Isaac G. Bryan is an American politician serving as a member of the California State Assembly from the 55th district, which includes much of South Central Los Angeles. Bryan was previously the executive director of the University of California Los Angeles's Black Policy Project, head of the Public Policy Division for the Million Dollar Hoods Project, and served as the Director of Public Policy for the UCLA Ralph J. Bunche Center.

Early life and education 
Isaac Bryan was born in Dallas, Texas to a teenage mother in poverty who gave him up at birth. Bryan was adopted as an infant and has lived in California since he was in the sixth grade. His family served as a foster family for hundreds of children over two decades and adopted him and eight others from the child welfare system.

Bryan attended seven public schools and two California community colleges before earning a Bachelor of Arts in political science and sociology from the University of Arizona. He worked as a research fellow for the Rombach Institute on Crime, Delinquency and Corrections.

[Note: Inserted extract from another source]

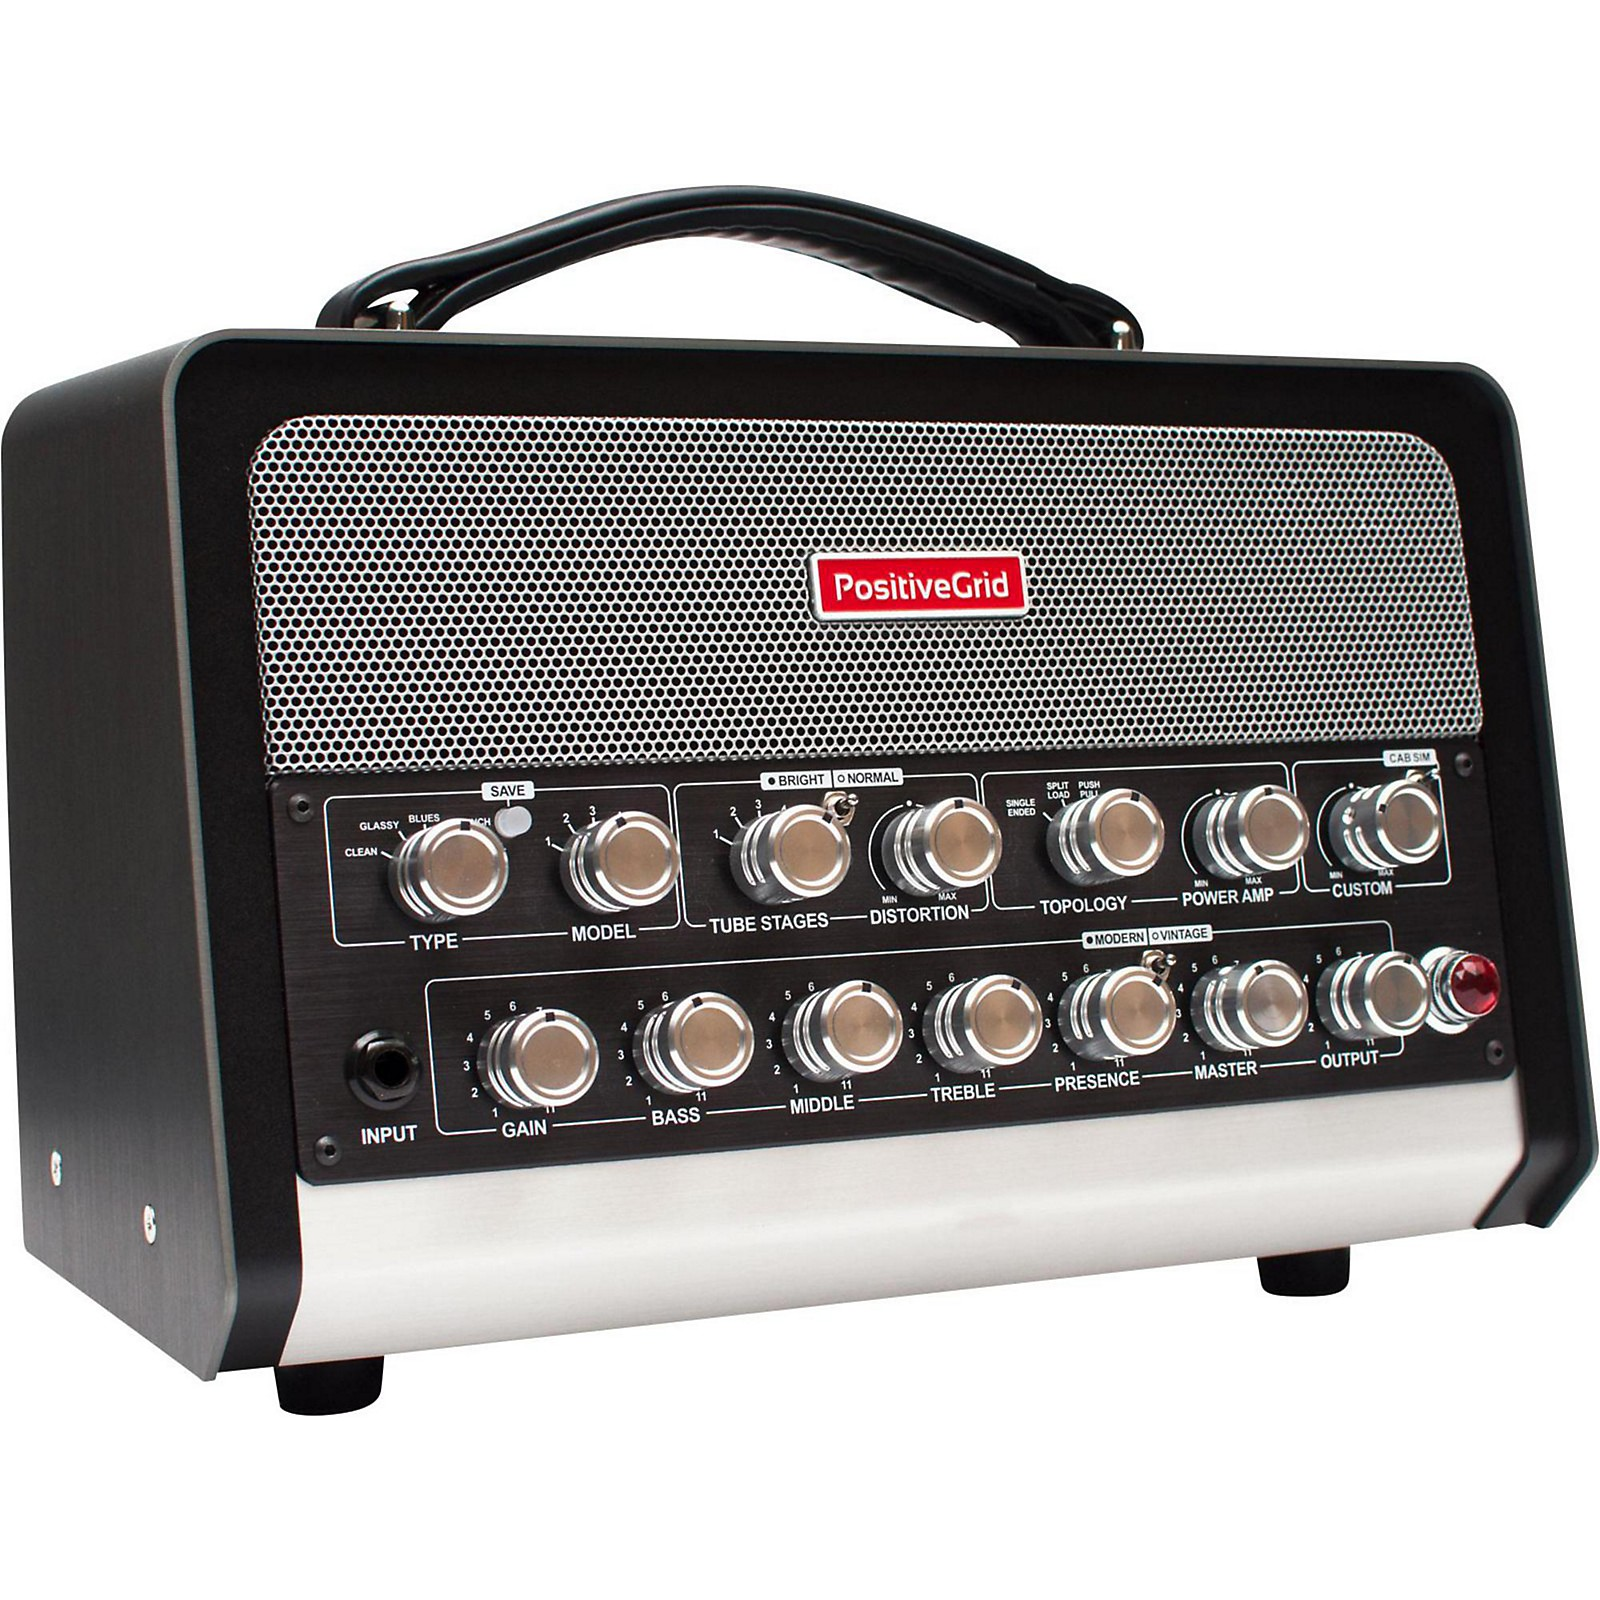 Positive Grid BIAS 600W Guitar and Bass Amplifier Head

During his time with the Rombach Institute, Bryan worked on juvenile justice and criminal justice reform. He also worked with a team of federal monitors to enforce a United States Department of Justice Consent Decree with the Maricopa County Sheriff's Office.

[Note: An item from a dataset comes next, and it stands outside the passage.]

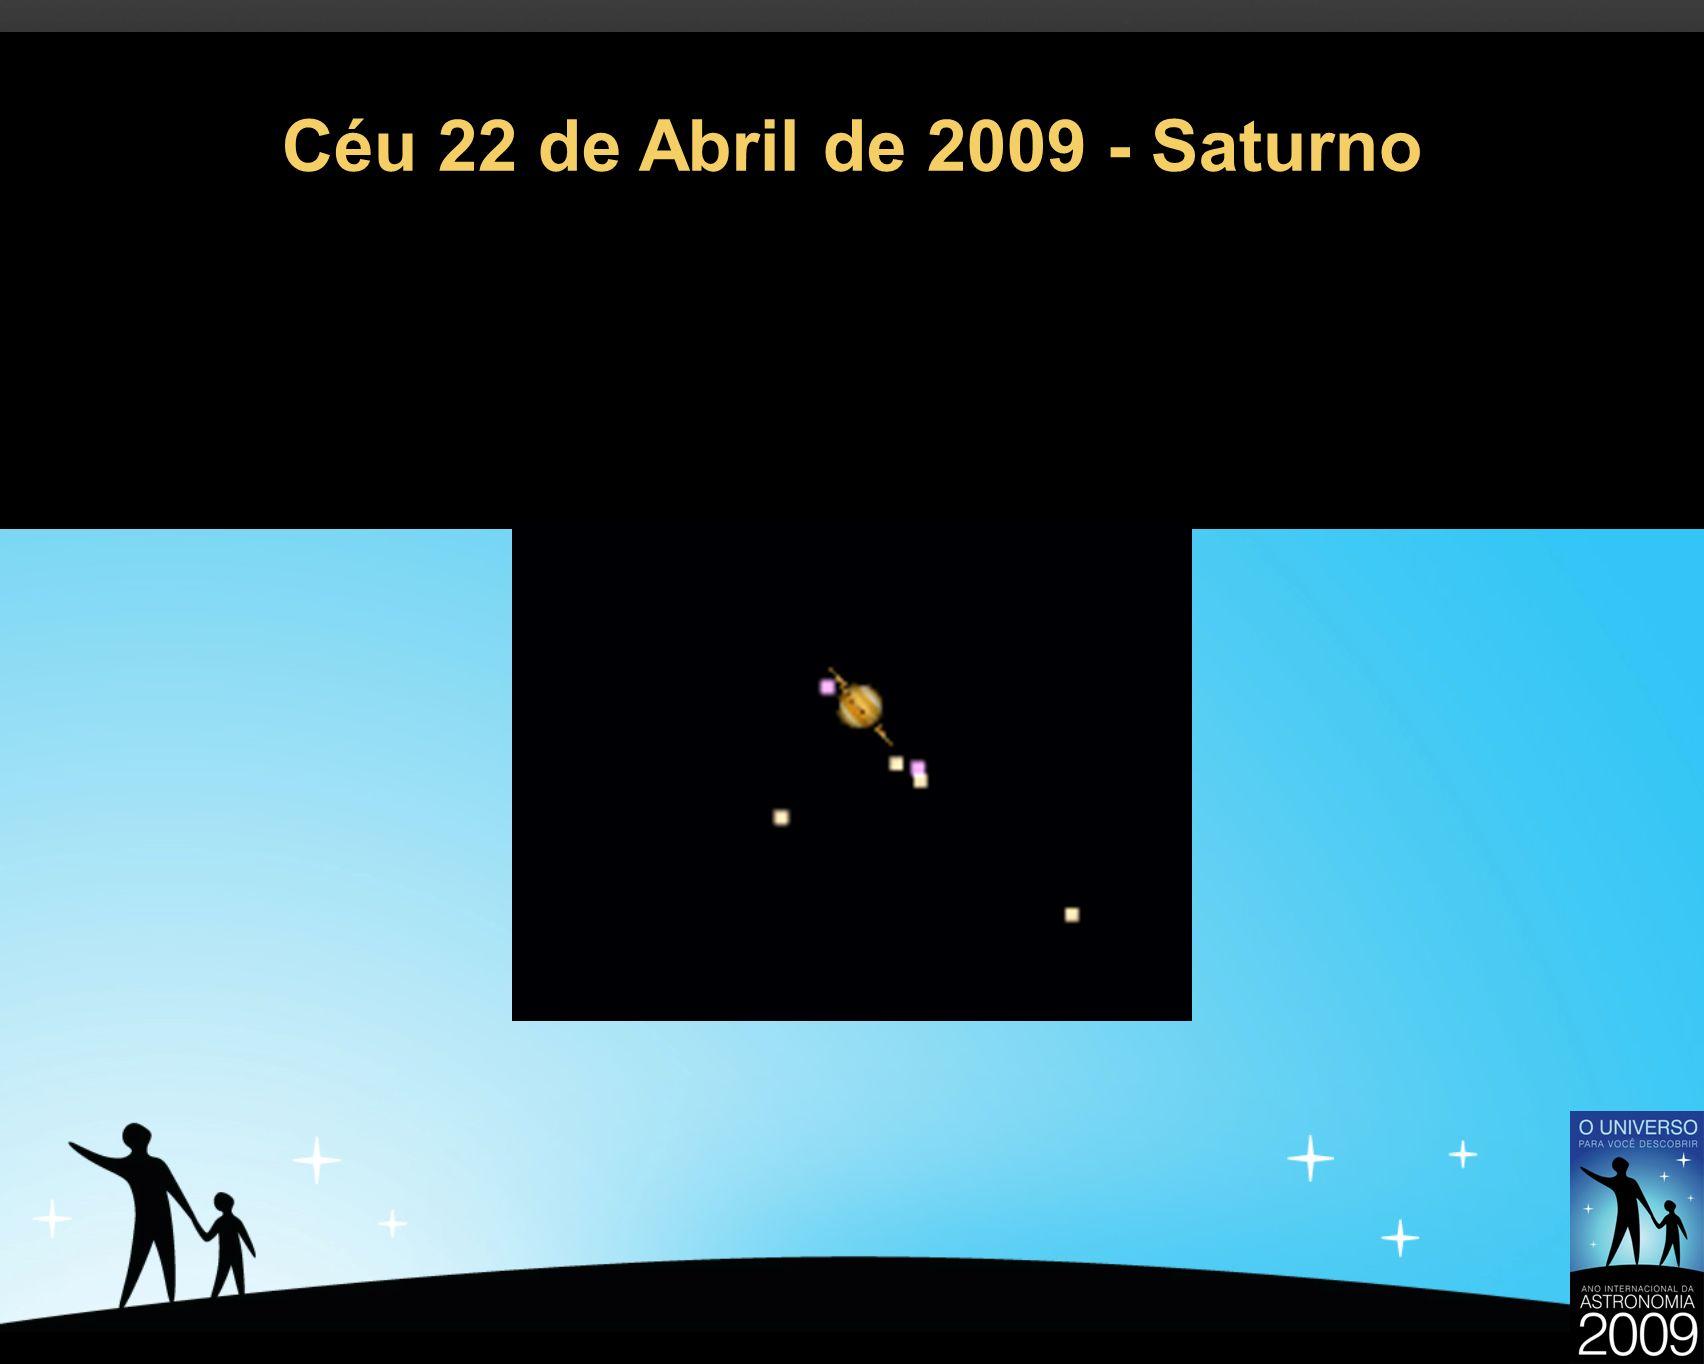 Céu 22 de Abril de 2009 - Saturno

Bryan went on to earn a Master of Public Policy from UCLA Luskin School of Public Affairs. In 2017, Bryan was named a David Bohnett Foundation fellow, where Bryan previously served in  Los Angeles Mayor Eric Garcetti's Office of Reentry, where he co-authored the city's first report on the holistic needs of Angelenos with justice system involvement.

Career

UCLA Black Policy Project 
Bryan is the founding director of UCLA's Black Policy Project (BPP). The BPP aims to build connections between black scholarship at UCLA and public policy decision making. Bryan also serves as director of Public Policy for UCLA's Ralph J. Bunche Center for African American Studies. Bryan also serves as director of public policy for the Million Dollar Hoods (MDH) Project which seeks to map the costs of Mass incarceration in Los Angeles and the United States broadly.

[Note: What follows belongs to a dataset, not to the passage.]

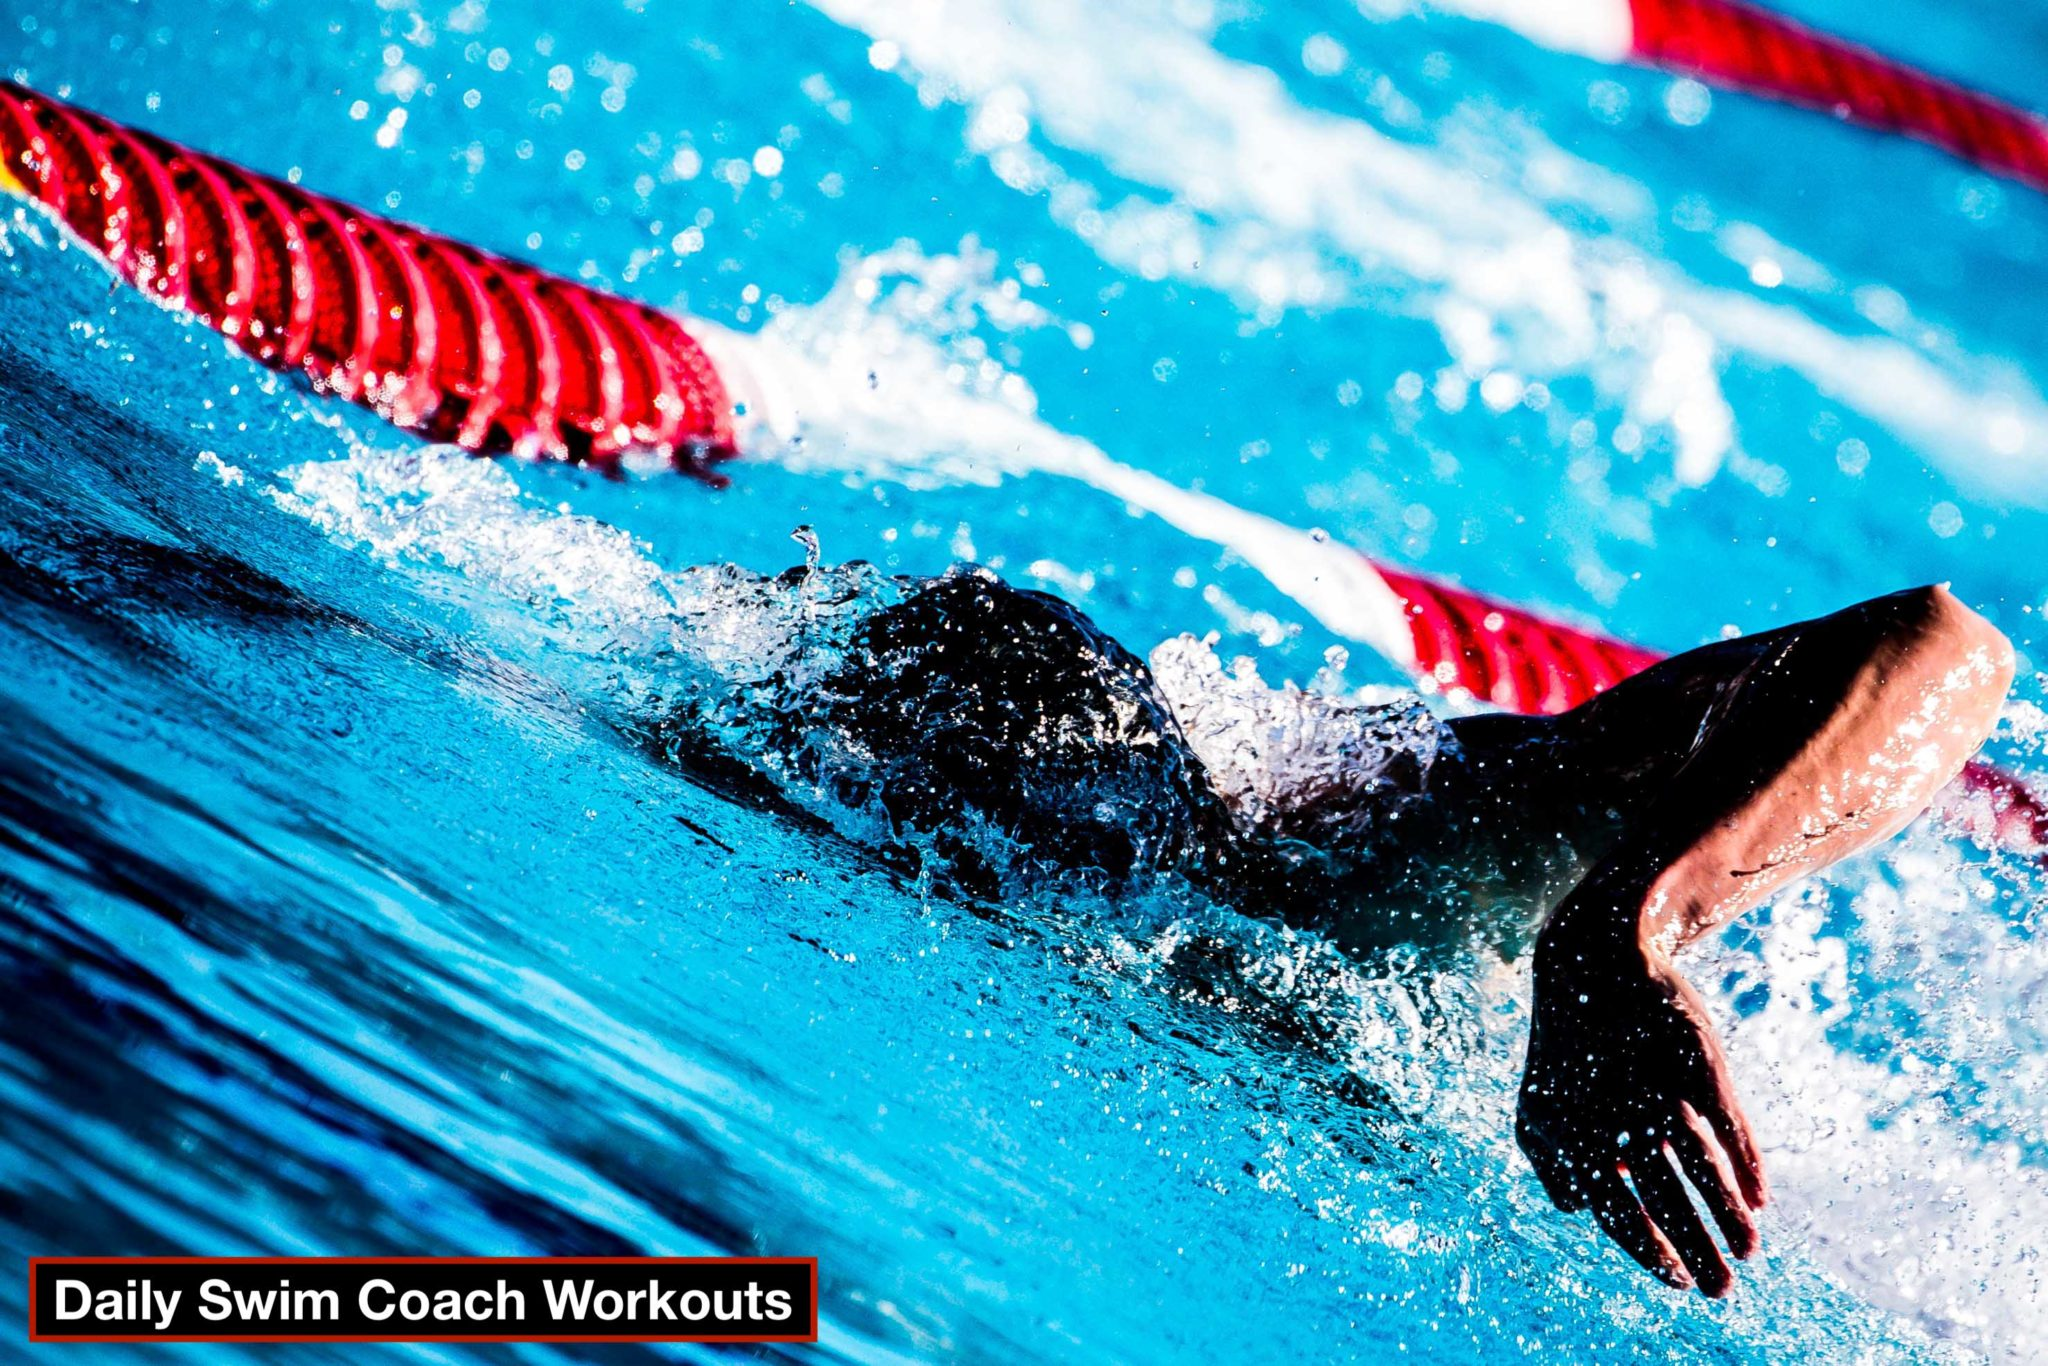 Daily Swim Coach Workout #42

During his time at UCLA, Bryan has authored numerous studies and reports. Bryan and MDH issued several reports on the interactions between students and Los Angeles School Police Department. Bryan regularly provides media commentary on issues of racial inequality in the United States. During the summer of 2020, after the murder of George Floyd, Bryan led peaceful protests in Los Angeles.

Criminal justice reform 
Bryan was one of the leading scholars who articulated that "defunding police" was really a call to question the size of our tax contributions to policing and criminalization at the expense of social services. Bryan was the co-chair for Los Angeles County's Measure J, which was approved by over 2.1 million voters and diverts at least 10% of the county's general funds "to address the disproportionate impact of racial injustice through community investment and alternatives to incarceration". Bryan regularly writes and provides commentary on policing and criminal justice reform in the United States.

Bryan also served as a Commissioner on the Los Angeles Unified School District task force that was convened to study how to reinvest the money cut from the school police budget.

California State Assembly

Election 
In 2021, Bryan announced that he would be a candidate for the California Assembly to succeed fellow Democrat Sydney Kamlager, who was elected to the California Senate. Bryan had served as a senior adviser to Assemblymember Kamlager. Bryan's campaign for the Assembly was endorsed by Sydney Kamlager, Holly Mitchell, Karen Bass, Mike Bonin, Michael Tubbs, Patrisse Cullors, Sophia Bush, and Susan Burton, among others.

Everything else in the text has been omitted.